Arrange the following in correct sequence of basic strength.

• A. IV > I > III > II
• B. III > I > II > IV
• C. II > I > III > IV
• D. I > III > II > IV

Answer 1

Answer: (D)

I > III > II > IV

Answer 2

The basic strength of an amine depends on the availability of the lone pair of electrons on the nitrogen atom to accept a proton. The availability of the lone pair is influenced by factors such as the hybridization of the nitrogen atom, resonance effects, and inductive effects of substituents.

Let's analyze each compound:

I. Piperidine: This is a saturated cyclic secondary amine. The nitrogen atom is $sp^3$ hybridized, and the lone pair is localized and readily available for protonation. II. Pyridine: This is an aromatic heterocyclic amine. The nitrogen atom is $sp^2$ hybridized. The lone pair of electrons is in an $sp^2$ orbital and is not involved in the aromatic $\pi$ system. However, $sp^2$ hybridized nitrogen is more electronegative than $sp^3$ hybridized nitrogen, which makes the lone pair less available compared to saturated amines. III. Morpholine: This is a saturated cyclic secondary amine containing an oxygen atom. The nitrogen atom is $sp^3$ hybridized, and the lone pair is localized. The electronegative oxygen atom exerts an electron-withdrawing inductive effect (-I effect) on the nitrogen atom, which decreases the electron density on nitrogen and makes the lone pair less available for protonation compared to piperidine. IV. Pyrrole: This is an aromatic heterocyclic amine. The nitrogen atom is $sp^2$ hybridized. The lone pair of electrons on the nitrogen is part of the aromatic $\pi$ system (contributes to the 6 $\pi$ electrons that make the ring aromatic). Protonation of the nitrogen would disrupt the aromaticity, which is energetically unfavorable. Thus, the lone pair is very unavailable for protonation, making pyrrole a very weak base.

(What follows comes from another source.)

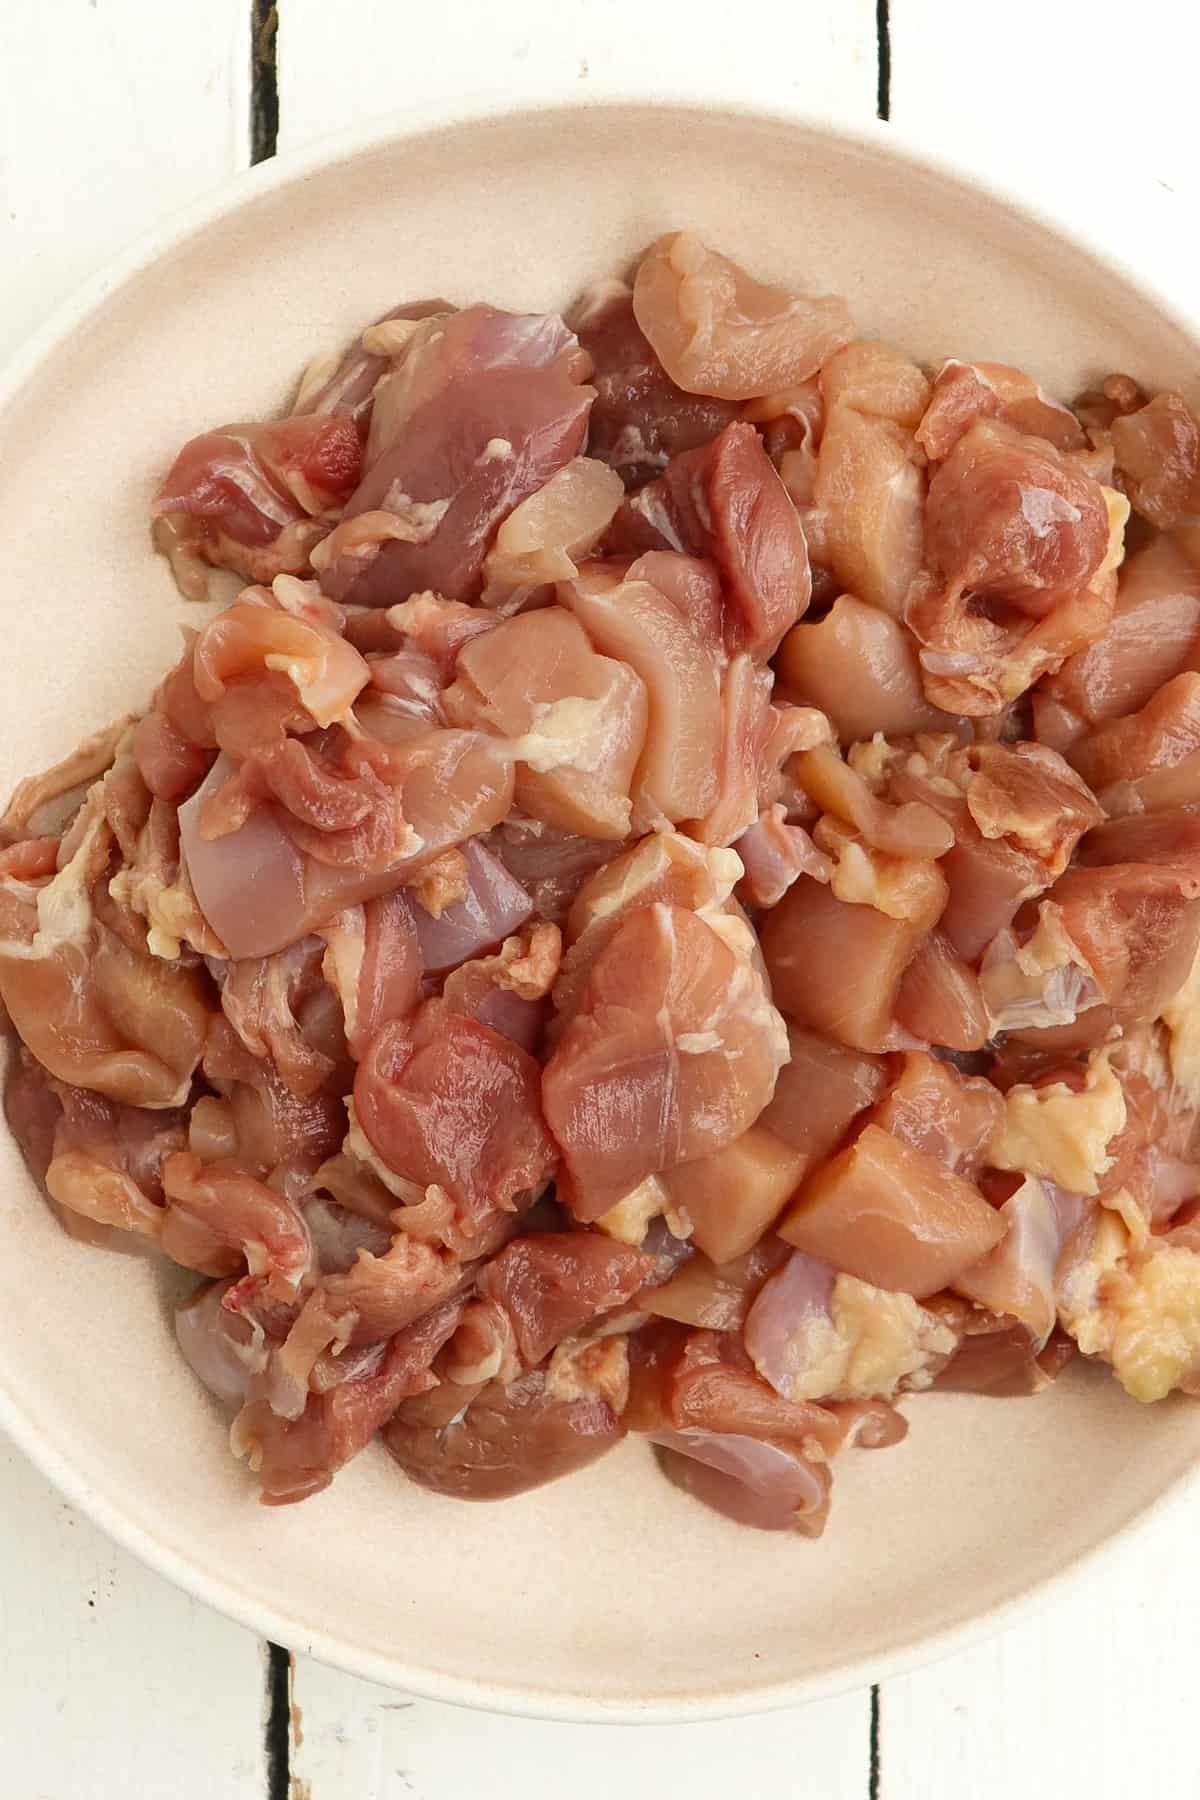 diced chicken thighs in a bowl.

Comparing the basic strengths:

Saturated amines (I and III) are generally more basic than aromatic amines (II and IV) because the nitrogen in saturated amines is $sp^3$ hybridized, and the lone pair is localized and not involved in resonance or aromaticity.

Comparing I and III: Both are saturated amines. Piperidine (I) has only carbon atoms in the ring besides nitrogen. Morpholine (III) has an oxygen atom, which is electron-withdrawing. The electron-withdrawing effect of oxygen reduces the basicity of morpholine compared to piperidine. So, I > III.

Comparing II and IV: Both are aromatic amines with $sp^2$ hybridized nitrogen. In pyridine (II), the lone pair is not involved in aromaticity. In pyrrole (IV), the lone pair is involved in aromaticity. Therefore, pyridine is much more basic than pyrrole. So, II > IV.

Comparing saturated amines with pyridine: Saturated amines ($sp^3$ nitrogen) are generally more basic than pyridine ($sp^2$ nitrogen). So, I > II and III > II. Since I > III, the order is I > III > II.

Combining the comparisons: I > III > II > IV.

This order is consistent with the pKa values of their conjugate acids: Piperidinium ion (pKa $\approx$ 11.1), Morpholinium ion (pKa $\approx$ 8.3), Pyridinium ion (pKa $\approx$ 5.2), Pyrrolium ion (pKa $\approx$ -0.2). A higher pKa of the conjugate acid indicates a stronger base.

Final order of basic strength: I > III > II > IV.